Sinora abbiamo affrontato solo una delle tre fasi
connesse alla concimazione, quella cioè attinente a “portà - o bàt - fò ol rüt”, ossia
al trasporto del letame dalla concimaia al prato, che alla fine si
presenta così ricoperto da tanti mucchietti di letame, sparsi qua e là
e tra loro pressoché equidistanti, sino a coprire tutta la superficie
coltivabile del terreno.

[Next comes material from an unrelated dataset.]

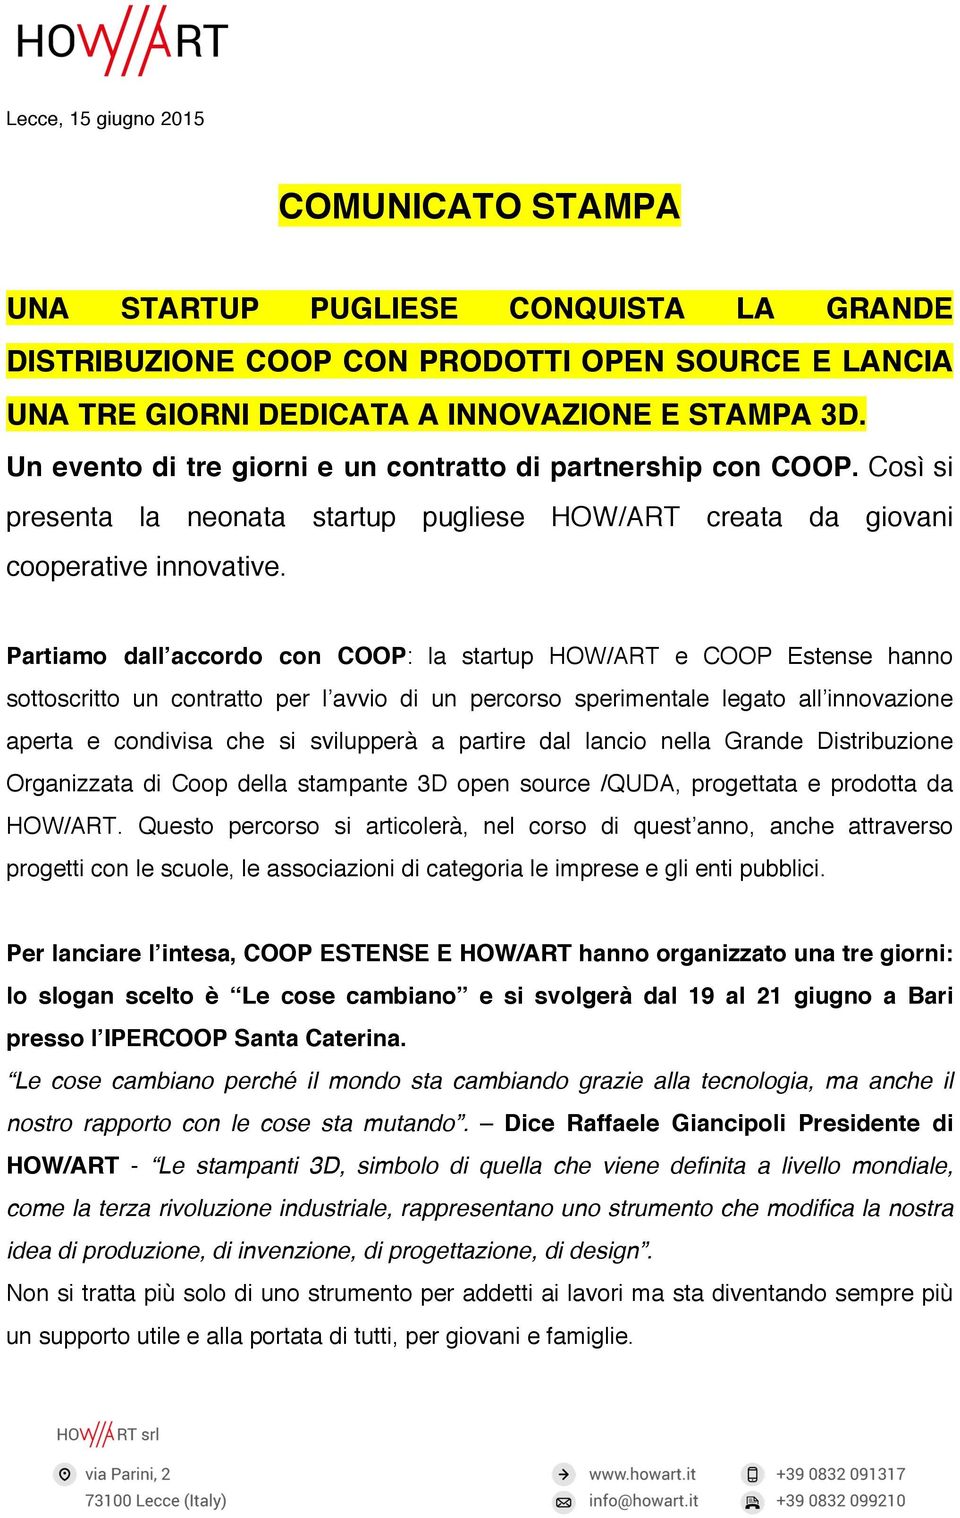 Partiamo dall accordo con COOP: la startup HOW/ART e COOP Estense hanno sottoscritto un contratto per l avvio di un percorso sperimentale legato all innovazione aperta e condivisa che si svilupperà a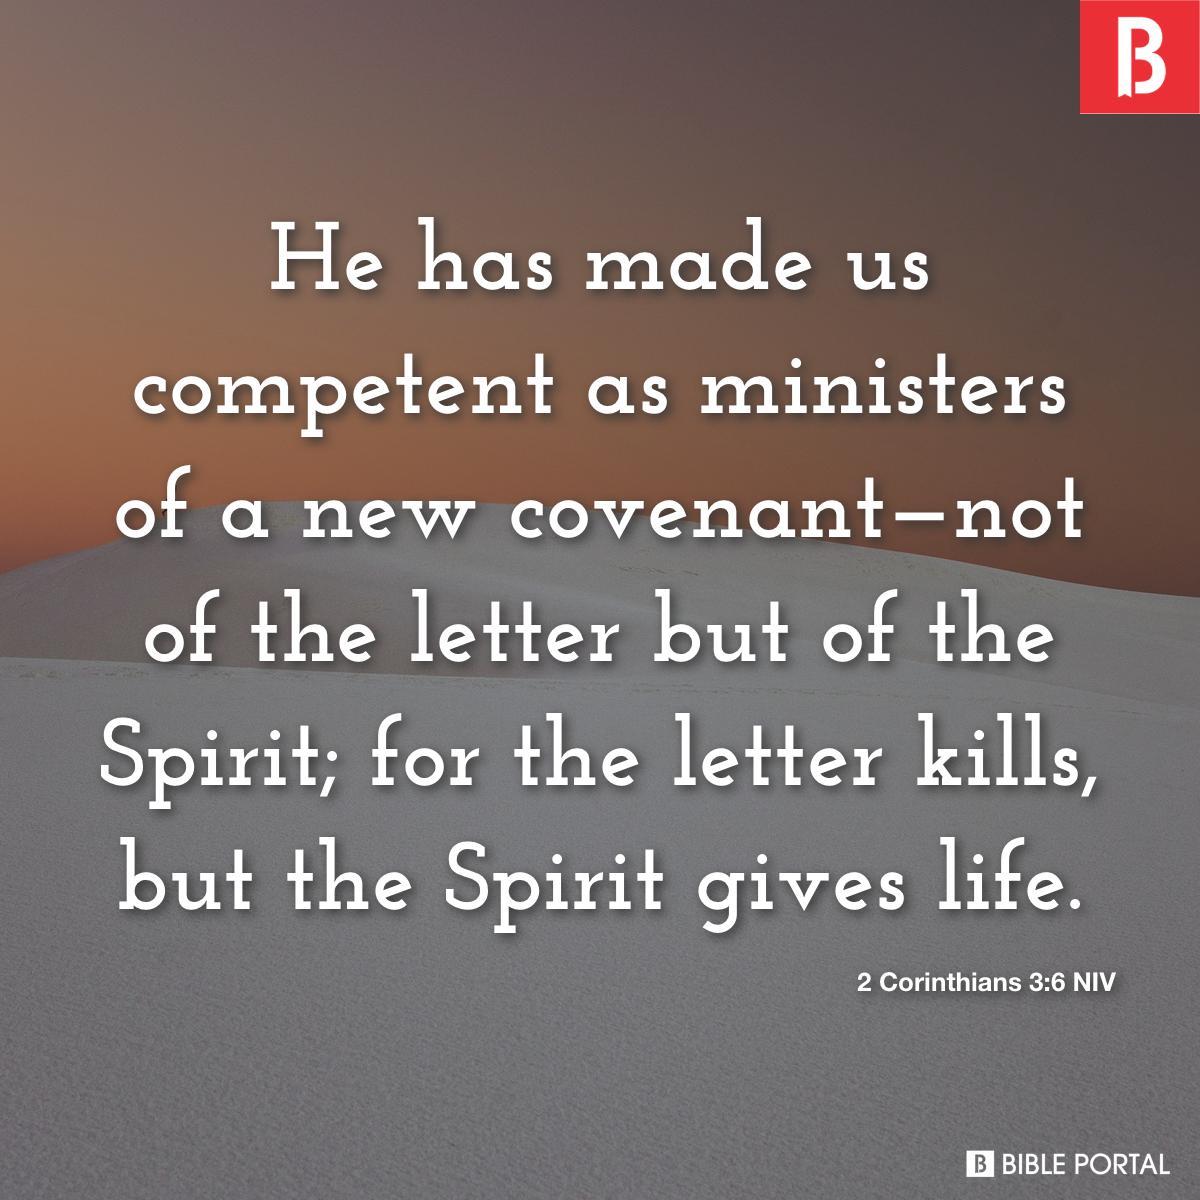 2 Corinthians 3:6 NIV

La seconda fase consiste invece nello “spànd fò ol rüt” (spandere e
disfare i cumuli di letame): ciascun mucchio, partendo da quelli più in alto, sempre avvalendosi del ràscc, viene distribuito in modo
uniforme sul terreno; ras-ciàde de gràsa volano qua e là, lanciate con
forza dal contadino con la forca: cadendo si frantumano sulla
superficie a prato stabile, che assume così una colorazione a macchia
di leopardo - verde e marrone scuro - e infonde all’intorno
l’inconfondibile profumo del concime naturale, tipico delle stalle di
montagna. Un odore persino gradevole. È il profumo della fatica
dell’uomo e della natura che si trasforma e rigenera in continuazione.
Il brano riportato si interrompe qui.